Using ratios to rationalise your business

Johnson Reed
3m read

At Johnson Reed, we pride ourselves on the speed with which we can come to a decision to lend to our clients. In fact, because we realise that commercial requirements are often needed in a hurry, we’ve gained quite a reputation for stepping in when high street banks have simply been too slow in casting their verdicts. But the more information you can give to us at the outset, the more likely we can come to a speedy conclusion.

One useful indicator for us is the way you measure your business performance. We’re not just talking about your profit and loss accounts here. They’re all well and good for showing your financial results, and from them we can tell whether or not your business is profitable and viable. We’ve been in our business for a long time, and we often think we have a ‘nose’ for people and the businesses they run. But pure hunches aren’t enough. At Johnson Reed, we hold great store in accounting ratios – the numerous ways in which you can measure your success, or otherwise, to help you to interpret the cold financial data in front of you.

Accounting ratios are ways that you can measure one particular aspect of the business against another. It might for instance help you to evaluate how quickly you convert stock to sales. You can do this by establishing the cost of goods you’ve sold, and comparing it with your stock to work out your actual stock turnover. They’re called Key Performance Indicators, or KPIs, and they should be measured at regular intervals to gauge your performance. You can make some interesting comparisons, as well as using them as trend indicators.
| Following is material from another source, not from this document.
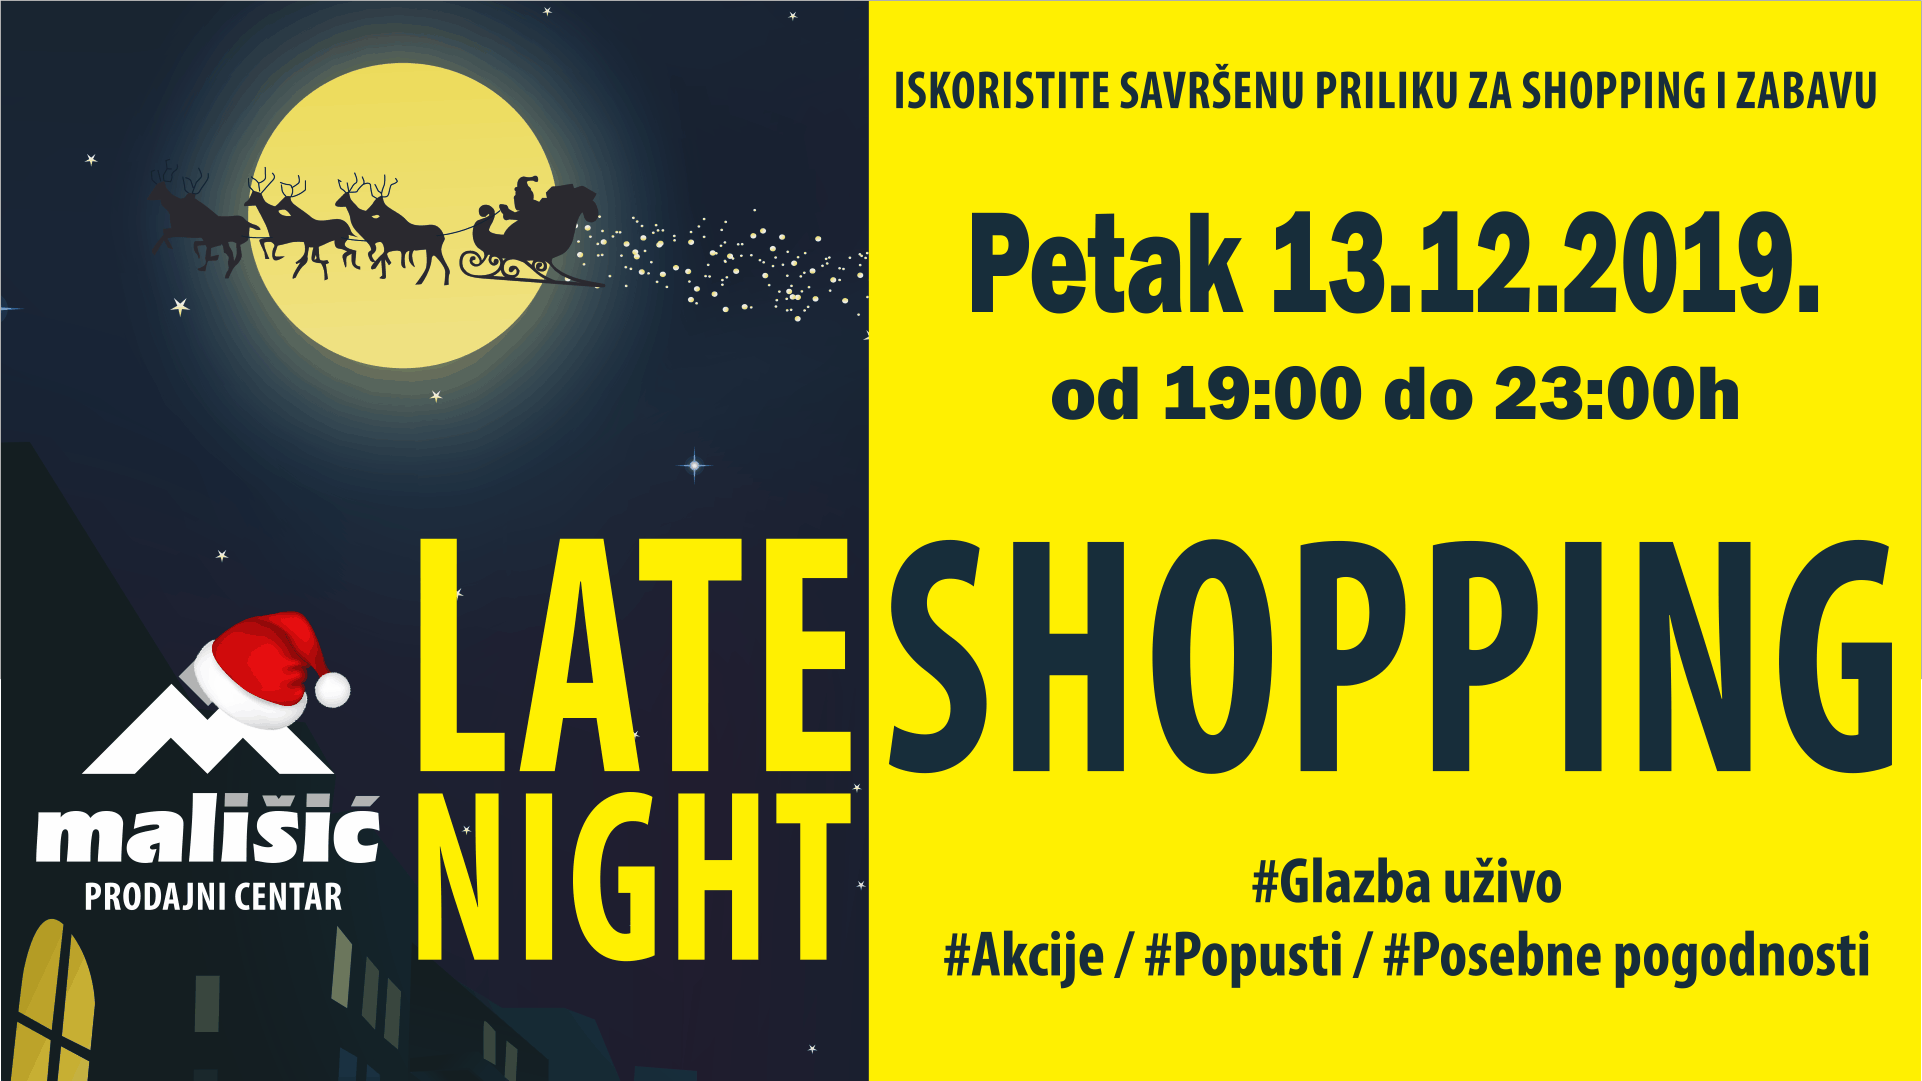 LATE NIGHT SHOPPING PC Mališić

You could, for example, refer to KPIs to establish whether your business is profitable in relation to competitors in your sector. Or you can analyse the amount of profit you’re making on new business sales, compared with existing sales. And it’s a useful tool for measuring whether your profit is growing in proportion to the size of your business. But always make sure that you compare like with like. If there’s a significant change in the ratio, it might have a specific reason, so it’s an indicator to take appropriate remedial action. Obviously, keeping management accounts up-to-date is an important aspect of keeping tabs on overall performance.

KPIs also help you to set your goals and targets. There are dozens of parameters that you can assess by keeping a close check on the minutiae of business life. How much is it costing you to fill job vacancies? How many returns do you get from your customers, and what is that costing you in the long run? Maybe you need to reduce the number of mistakes in your production lines. What are the success rates of your business calls? How long does it take you to fulfill orders? Almost all of these crucial business procedures will have finance implications at the end of the day. And at Johnson Reed, we provide finance as quick as possible. So, if you have plenty of answers ready for us, we can use our own business nous to set you on your way – speedily and efficiently.